For people interested in an example of a Qt app, check out (my) cross-platform file manager https://fman.io. It currently uses PyQt. I hope Qt for Python will become stable enough so I can make the switch.

Developing cross-platform desktop apps is hard. To help with this, I open sourced my build system [1]. It lets you release (Py)Qt apps in minutes instead of months. It aims to make (Py)Qt a more viable alternative to Electron. It already has preliminary support for Qt for Python, and I want to expand it in the future.

[1]: https://build-system.fman.io


Just FYI: I saw this comment and:

1) went to your link -> intensive blinking, firefox reporting that it "forbade access to graphics card" for whichever reason

2) Was impressed that Windows file is only 1 MB (turns out the installer downloads a lot more than that, which is ok but could be mentioned)

3) Started the program and agreed with tutorial

4) Followed tutorial to C:\Users\myusername\Desktop

5) Followed tutorial by pressing Backspace -> program stopped working and crashed

No hate intended, but if you want people to use this, you should probably think about fixing some of the steps to be less cumbersome :).

FWIW the program looks cool.


Thank you for the feedback.

1) No idea why that happened. I'm really not doing anything special on the web site.

2) You're right, sorry. The Windows binary is an online installer. I'll update the web site to mention that once the load is off the server.

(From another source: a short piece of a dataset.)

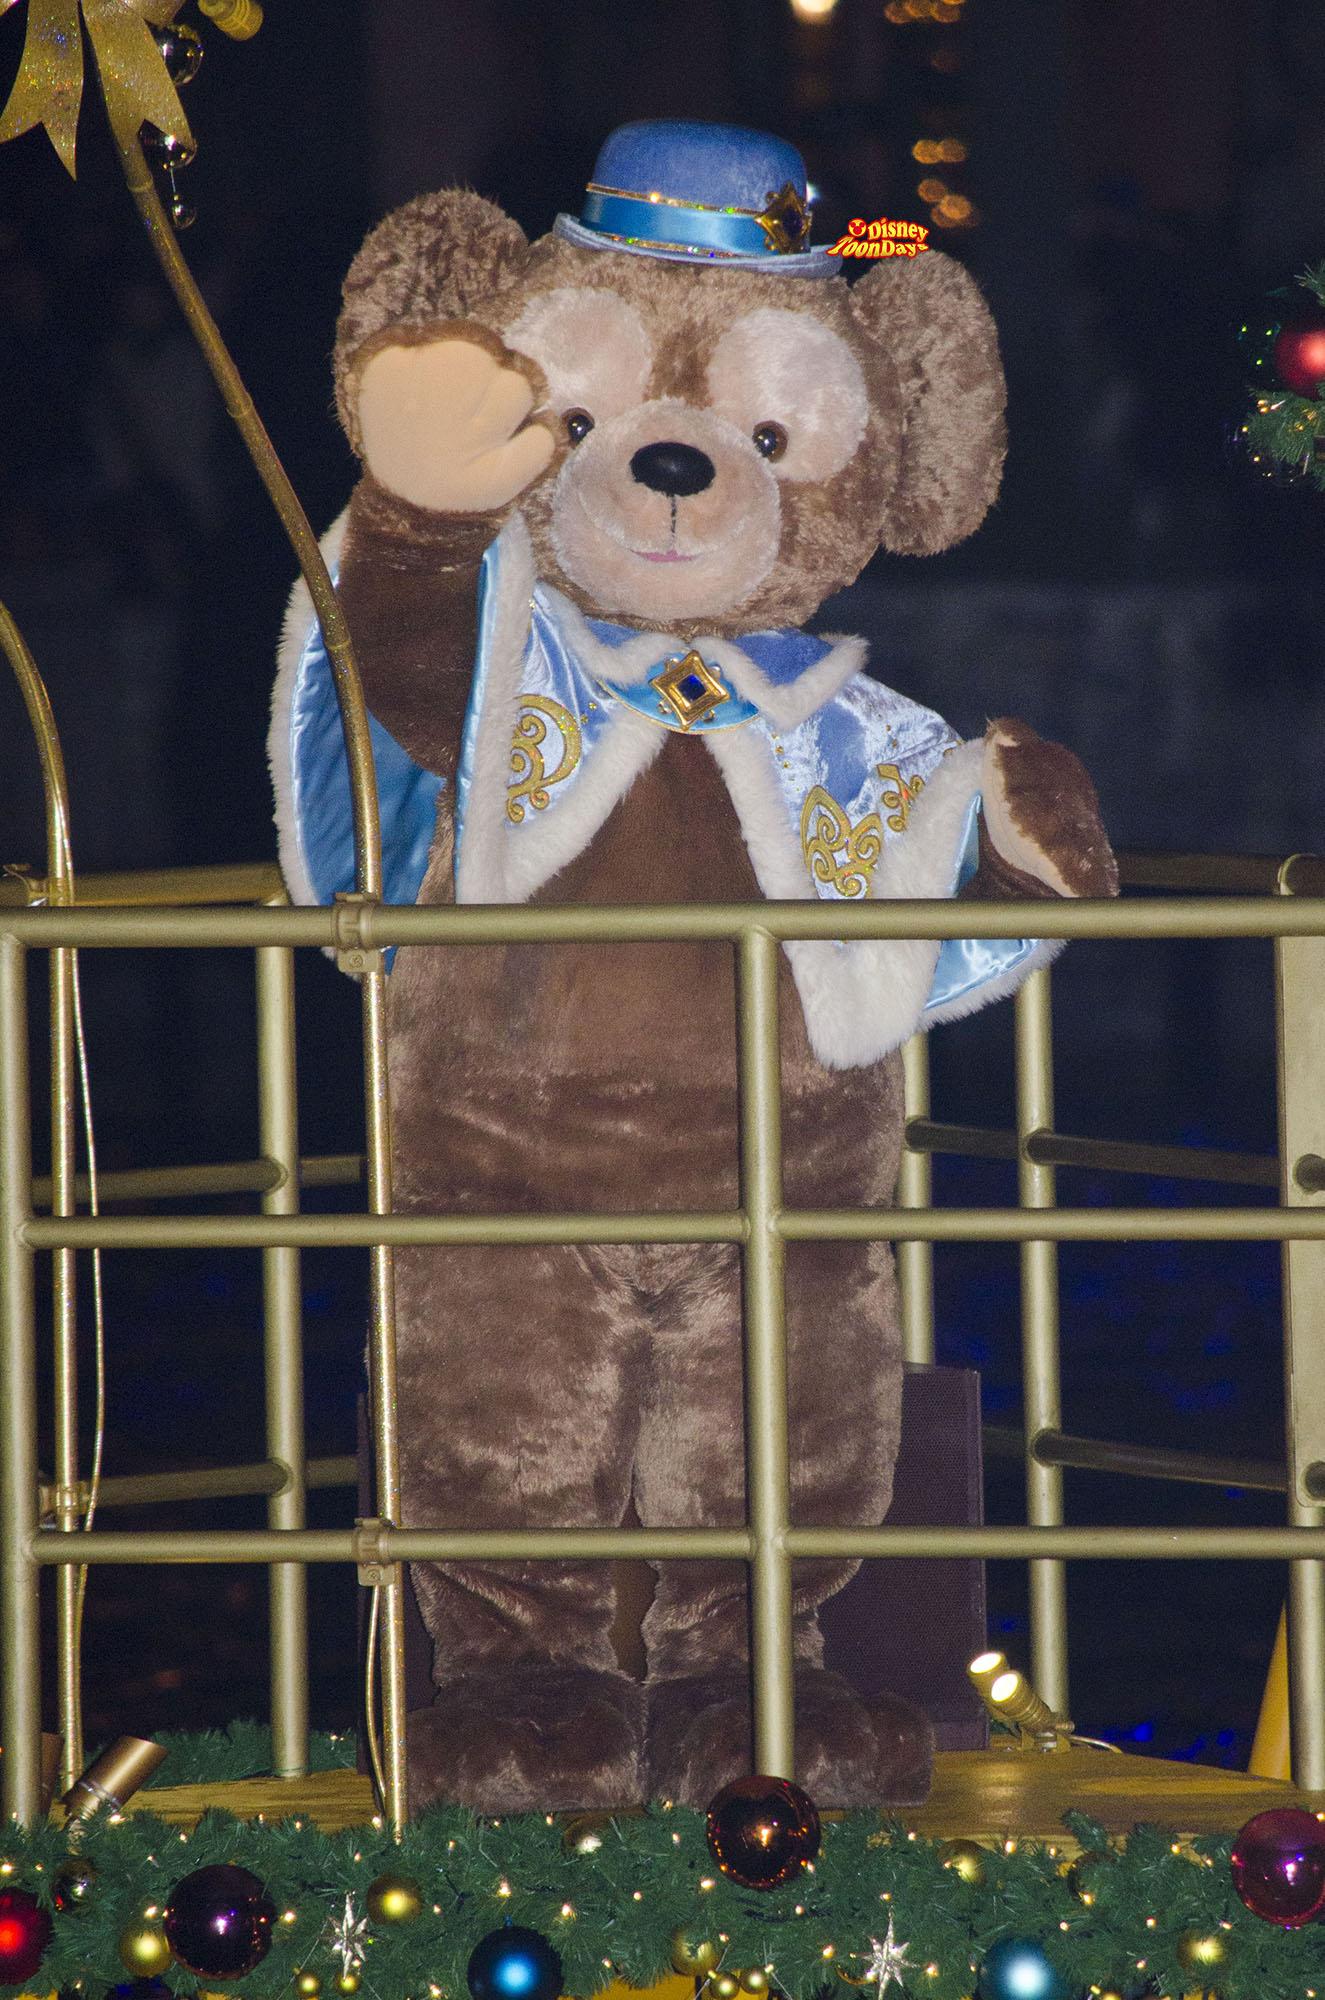 TDS クリスマスウィッシュ 2013 カラーオブクリスマス ダッフィー

5) Hm... Sorry about that. Would be extremely interesting to know if this happens on your computer every time. It's probably too much to ask since you already uninstalled, but if you have a few mins, can you try again?

> if you want people to use this, you should probably think about fixing some of the steps to be less cumbersome

That's literally what I spend my days working on. Desktop apps are a lot of work...

> FWIW the program looks cool.

Thanks!


Went back and installed a second time. The web page no longer blinks and after the installation finished, the program did not crash and I was able to finish the tutorial.

I wanted to try a third time, but after a third reinstall, the tutorial no longer pops up. Is there a way to clear EVERYTHING away and try again as if this was a new computer?


Thanks! You can close fman and delete the data directory [1]. Or, you can start the tutorial again via the Command Palette [2].

[1]: https://fman.io/docs/data-directory

[2]: https://fman.io/docs/tutorial


My understanding is that much of the official work on the Qt libraries over the last few years, has been to do with assisting rapid application development. What was your reason for going with Python over the nearest official alternative, 'Qt Quick'?

(Qt Quick uses webby technologies like JavaScript, but of course retains support for C++. Incidentally it also seems to be where their backend work is focused - their shiny Direct3D 12 engine is for Qt Quick only, as far as I know.)


Rapid application development involves an application, and for the purpose of writing application logic Python tends to be more advanced than Javascript, easier to write than C++, and with a better set of libraries than both.


How do you package the binary for release? I think that's one of the biggest pain points right now, otherwise I would be much more inclined to do something with Qt.

I tried PyInstaller for some scripts a few weeks ago and it worked perfectly and easily, but I don't know if it works with Qt.



I can't believe I read around the important bits of the second paragraph. Thanks.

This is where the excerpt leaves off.